Test-based strategy (simplified from initial protocol) Previous recommendations for a test-based strategy remain applicable; however, a test-based strategy is contingent on the availability of ample testing supplies and laboratory capacity as well as convenient access to testing. For jurisdictions that choose to use a test-based strategy, the recommended protocol has been simplified so that only one swab is needed at every sampling.
Persons who have COVID-19 and who have symptoms and were directed to care for themselves at home may discontinue home isolation under the following conditions:
- Resolution of fever without the use of fever-reducing medications and
- Improvement in respiratory symptoms (e.g., cough, shortness of breath) and
- Negative results of an FDA Emergency Use Authorized molecular assay for COVID-19 from at least two consecutive nasopharyngeal swab specimens collected ≥24 hours apart** (total of two negative specimens). See Interim Guidelines for Collecting, Handling, and Testing Clinical Specimens from Persons Under Investigation (PUIs) for 2019 Novel Coronavirus (2019-nCoV)for specimen collection guidance.
Individuals with laboratory-confirmed COVID-19 who have not had any symptoms may discontinue home isolation when at least 7 days have passed since the date of their first positive COVID-19 diagnostic test and have had no subsequent illness.
Footnote
- *This recommendation will prevent most, but may not prevent all instances of secondary spread.
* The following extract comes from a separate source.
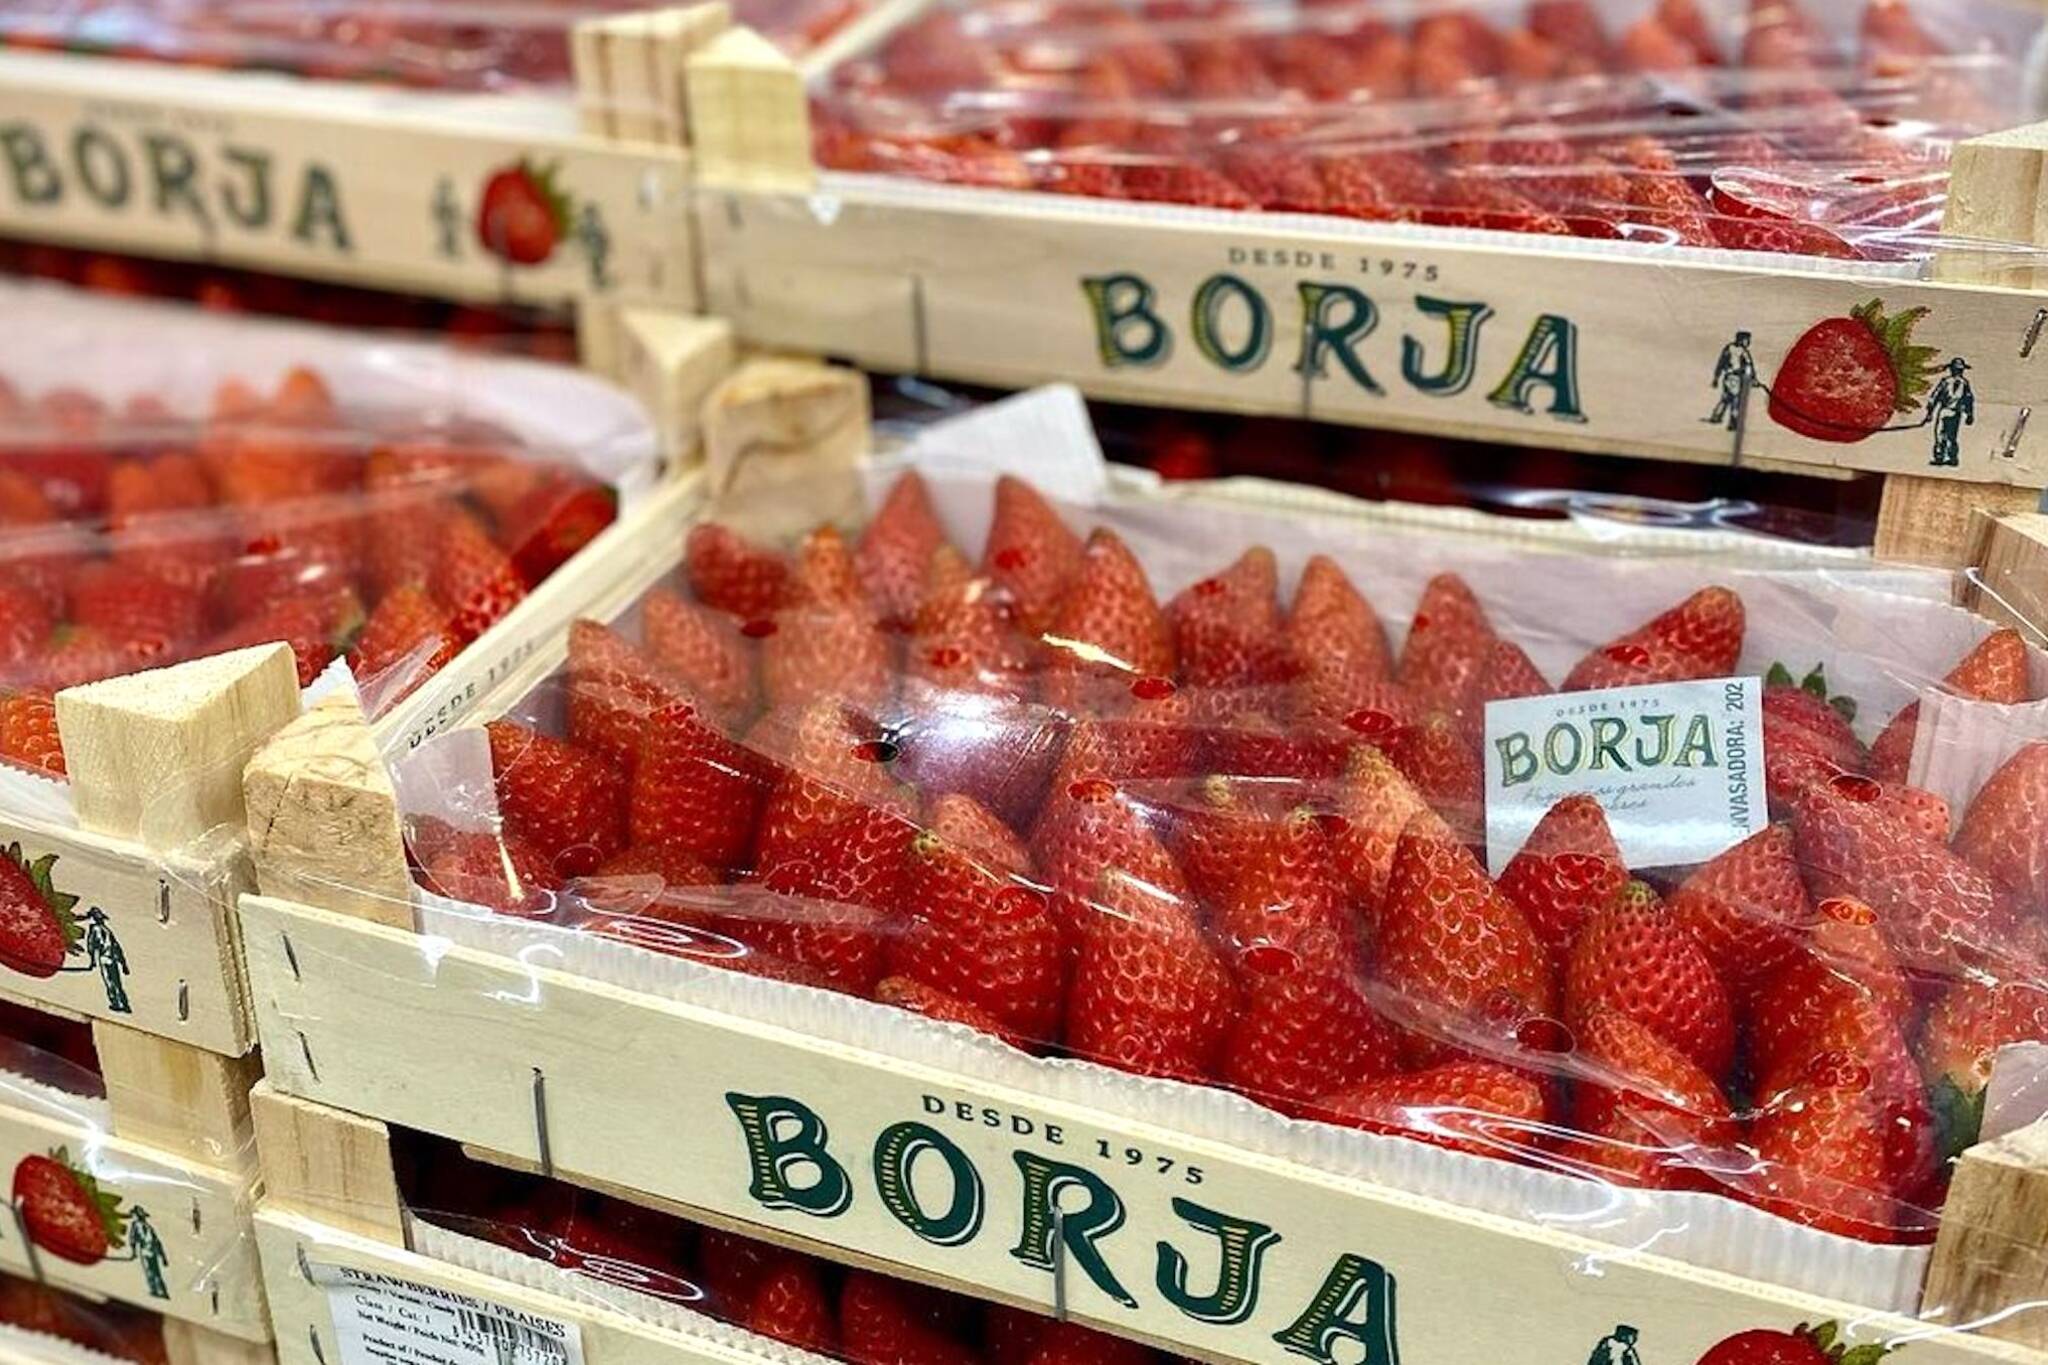 spanish strawberries

The risk of transmission after recovery, is likely very substantially less than that during illness.
- **All test results should be final before isolation is ended. Testing guidance is based upon limited information and is subject to change as more information becomes available.

Returning to Work for Healthcare Providers as of April 30th, 2020 (From the CDC Website):

Symptomatic HCP with suspected or confirmed COVID-19:
- Symptom-based strategy. Exclude from work until:
- - At least 3 days (72 hours) have passed since recovery defined as resolution of fever without the use of fever-reducing medications and improvement in respiratory symptoms (e.g., cough, shortness of breath); and,
  - At least 10 days have passed since symptoms first appeared
- Test-based strategy. Exclude from work until:
- - Resolution of fever without the use of fever-reducing medications and
  - Improvement in respiratory symptoms (e.g., cough, shortness of breath), and
  - Negative results of an FDA Emergency Use Authorized COVID-19 molecular assay for detection of SARS-CoV-2 RNA from at least two consecutive nasopharyngeal swab specimens collected ≥24 hours apart (total of two negative specimens)[1]. See Interim Guidelines for Collecting, Handling, and Testing Clinical Specimens for 2019 Novel Coronavirus (2019-nCoV). Of note, there have been reports of prolonged detection of RNA without direct correlation to viral culture.
HCP with laboratory-confirmed COVID-19 who have not had any symptoms:
- Time-based strategy. Exclude from work until:
  - 10 days have passed since the date of their first positive COVID-19 diagnostic test assuming they have not subsequently developed symptoms since their positive test. If they develop symptoms, then the symptom-basedor test-based strategy should be used. Note, because symptoms cannot be used to gauge where these individuals are in the course of their illness, it is possible that the duration of viral shedding could be longer or shorter than 10 days after their first positive test.
- Test-based strategy. Exclude from work until:
  - Negative results of an FDA Emergency Use Authorized COVID-19 molecular assay for detection of SARS-CoV-2 RNA from at least two consecutive nasopharyngeal swab specimens collected ≥24 hours apart (total of two negative specimens). Note, because of the absence of symptoms, it is not possible to gauge where these individual are in the course of their illness. There have been reports of prolonged detection of RNA without direct correlation to viral culture.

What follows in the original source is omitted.